Dataset excerpt:
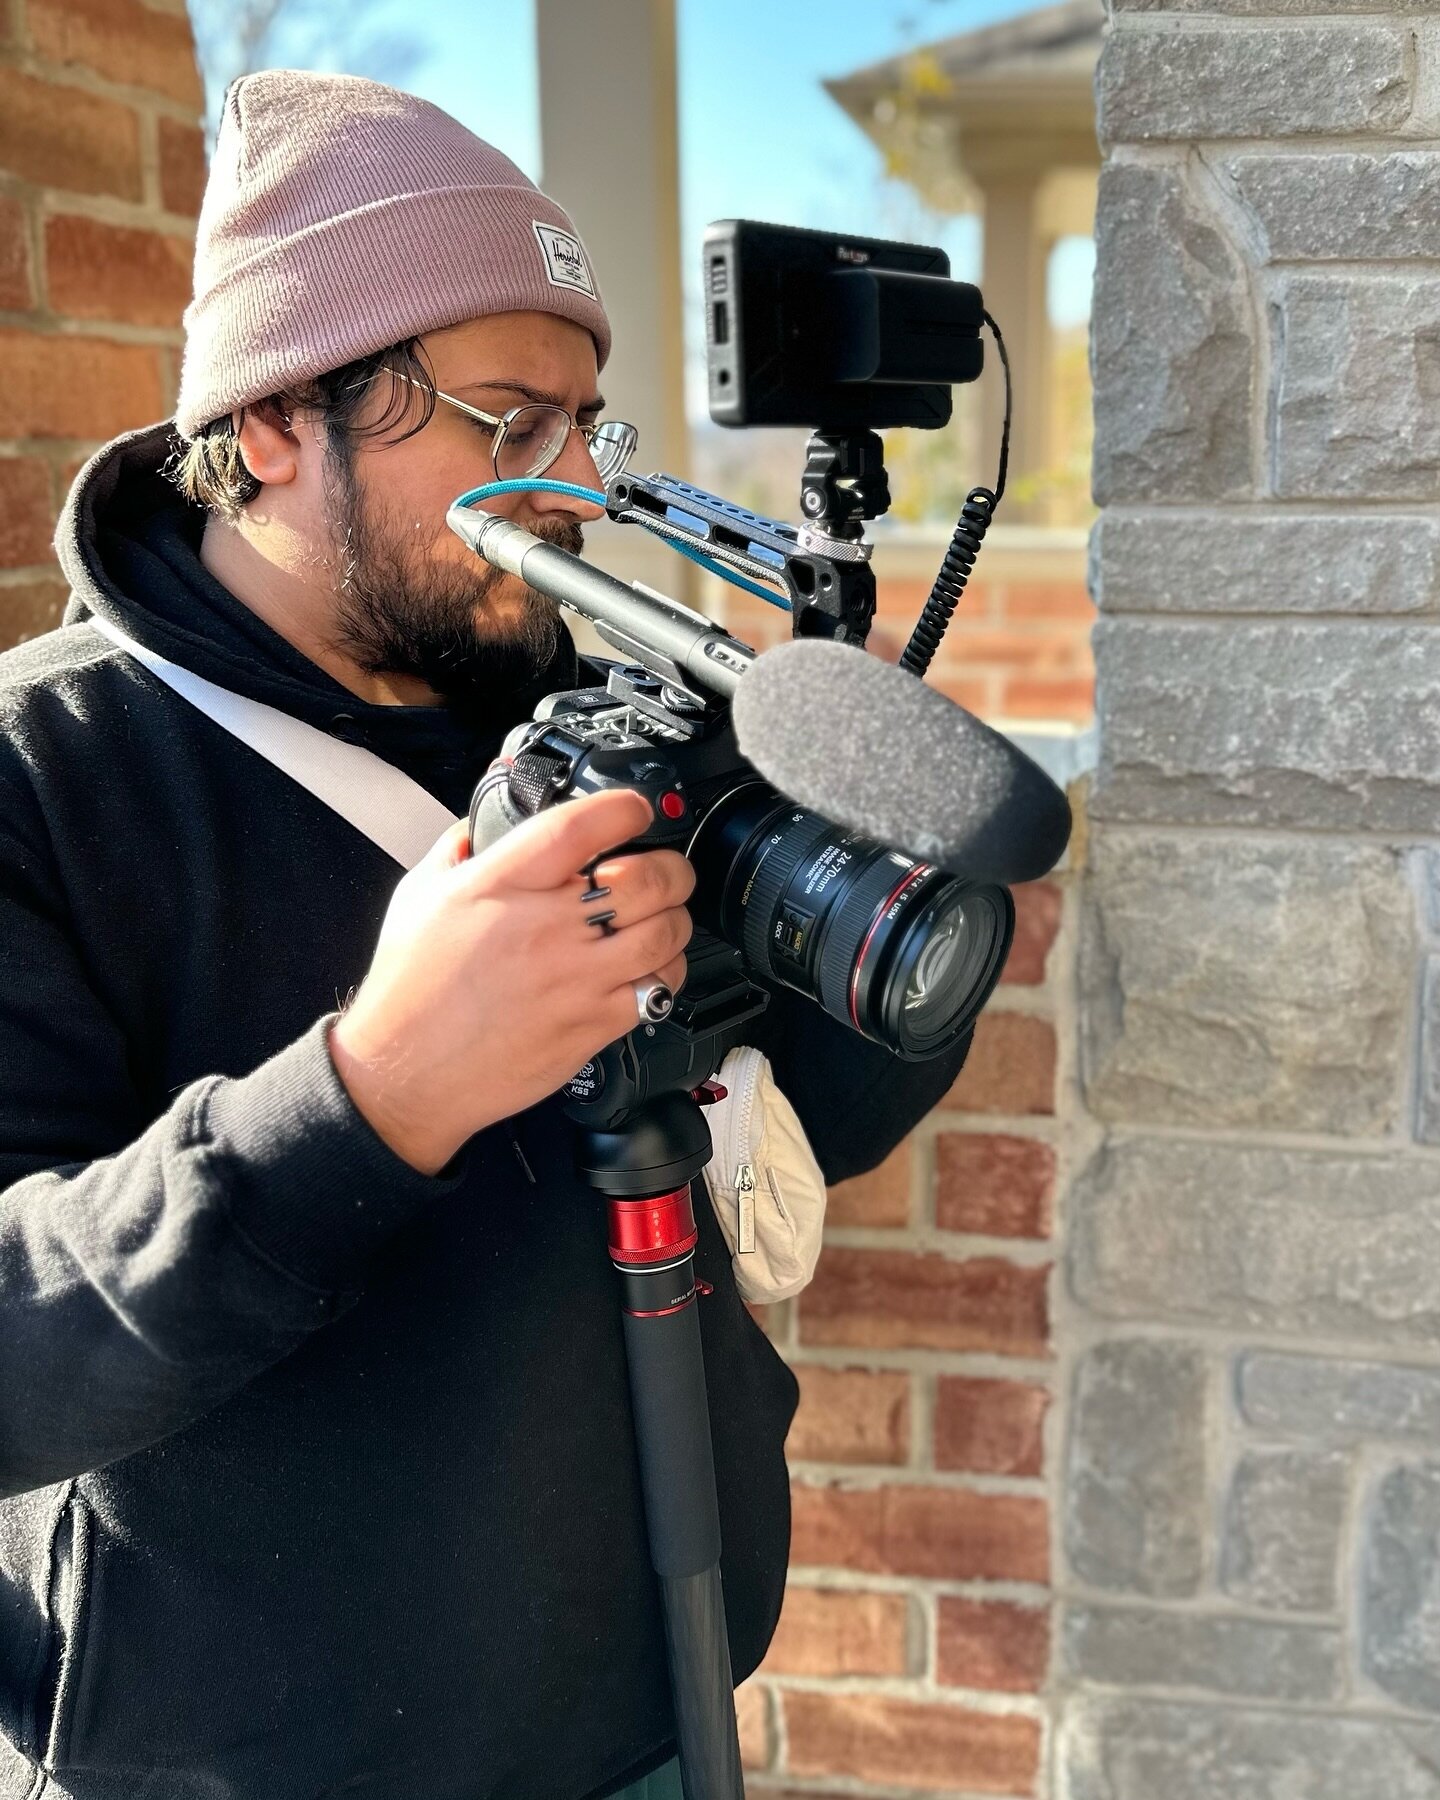 I typically don&rsquo;t post any pictures of me (especially while working), so I&rsquo;m always super thankful when someone else does. 

This is my &ldquo;I&rsquo;m getting the shot&rdquo; look. 

Photo creds: @aliraza_rashid

Exercise: Would you copy out the material above exactly, without the pictures in it?

Result of this task:
 I typically don&rsquo;t post any pictures of me (especially while working), so I&rsquo;m always super thankful when someone else does. 

This is my &ldquo;I&rsquo;m getting the shot&rdquo; look. 

Photo creds: @aliraza_rashid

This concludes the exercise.